Sophistication of Modeling for Investment Sales
Hi all, I am currently taking the REFM course and learning about more sophisticated modeling like incorporating waterfalls and promotes. I have a strong interest in working in investment sales and was wondering if the modeling would incorporate waterfalls or promotes? I am thinking no as it seems it would only be modeled for PE or Development but was not 100% sure.
In short, I am wondering how sophisticated IS modeling typically is and if anyone could share any examples of a model that would be awesome too!
Thanks!
Most likely wouldn't have waterfalls since that's how the guy putting the deal together would look at it.
For most of the deals I model, we typically only do a T12 and then a 1 year looking forwards, or a 10 year with IRRs and what not.
Most investors have their own way of underwriting and their own assumptions they want to put in. All investment sales underwriting is there to do is for us to figure out a value and then give a general idea of returns.
Thanks, this is helpful! Follow up question, I know an investment sales analyst has a lot of hats, not sure if you are an analyst or above that role but about how much of the job would consist of modeling opposed to writing OMs, etc.
Really depends on the role, I've got friends who are like 85% modeling, but that's all they do, then I've got friends that are like 10-20% of the time.
It will definitely be a mix, you'll be responsible for putting together a lot of the OM.
Depends on where you work, some IS brokers will help their clients model things like waterfalls, or will present hypothetical structures during deal making. But generally, they model down to the NOI level as every investors sets own use of debt, equity structure, etc.

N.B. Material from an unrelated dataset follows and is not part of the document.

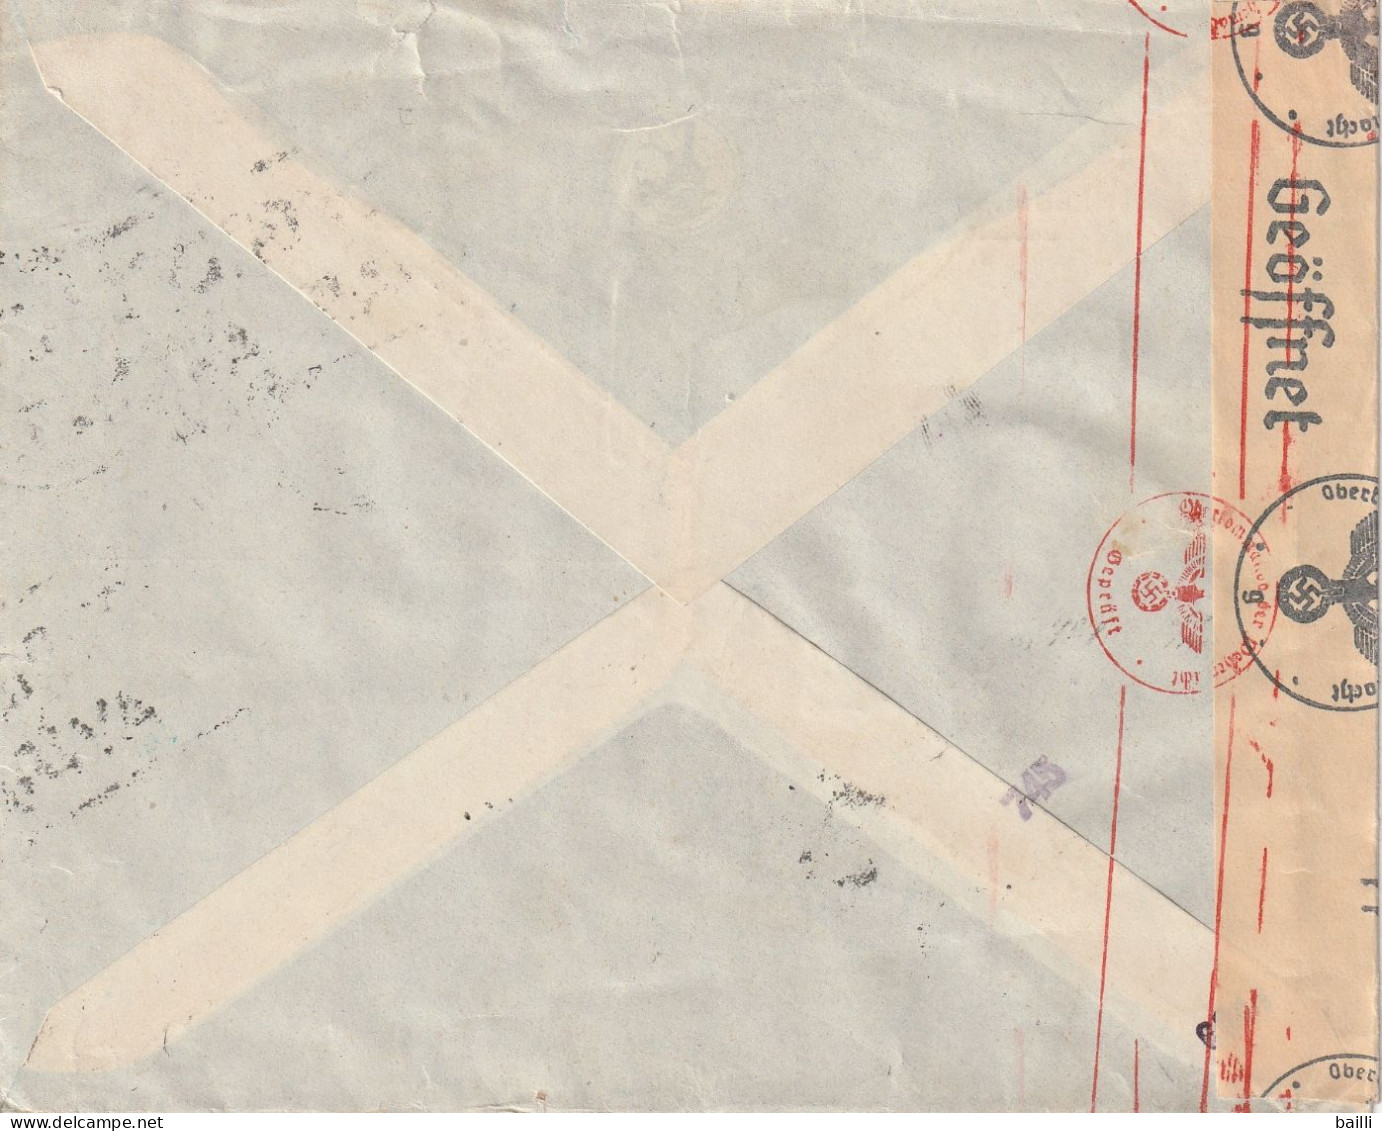 Grèce Lettre Censurée Par Avion Pour L'Allemagne 1942 - Lettres & Documents

IS modeling focuses a lot on rents, rent rolls, capex, op ex, etc. This includes forward looking leasing assumptions, turnover costs, etc. Argus tends to be used heavily on the institutional side.
Most models presented in IS brokers' OMs are Argus outputs, its way more efficient than excel and many investors, lenders, and appraisers will ask for Argus files for underwriting.
To tack on....investors/buyers want ARGUS especially if a property has base year in any of the leases. I could care less for NNN properties, and not at all for multifamily.
Good point, I would hate to have to model various base year and expense stop setups in anything other than Argus. Especially if you have a multi-tenant property where every lease has different term which is very common.
Same deal for the renewal assumptions, Argus makes it 'too easy' to see the future, but modeling would be a pain in excel with probability weighting for renewal assumptions, doable, but would take hours for what takes seconds in Argus.
i also feel like brokers use Argus because it is a black box. Imagine finding an error in excel, the broker would be discredited.
I only modeled property level returns as an IS analyst. Never needed to touch anything partnership level since those will vary depending on the buyers and are just beyond the scope of whats needed for an OM/BOV.
To touch on some of your follow up questions: -In my experience, the IS analyst job consists of probably 50% modeling and 50% various research/marketing/admin duties like editing slides, writing market highlights, tracking CAs / facilitating the virtual deal room, helping with property tours, etc. -typically larger/institutional clients won't care as much about your underwriting and do it all themselves using their in-house analysts, whereas smaller groups might work off of your model.
Nothing worse than the "we've sent some of your assumptions off to be vetted by research"...
You won't be putting many together, but you will need to know your way around one. The first thing i do when i receive bids and their accompanying models is ship it to my analyst to look for any irregularities. Speaking directly to someones model separates the smart IS dudes from the dumb.
Eventually you'll really need to know your way around them, but the best place to learn is on the job. Should you do some equity placement, you'll need it on the front end.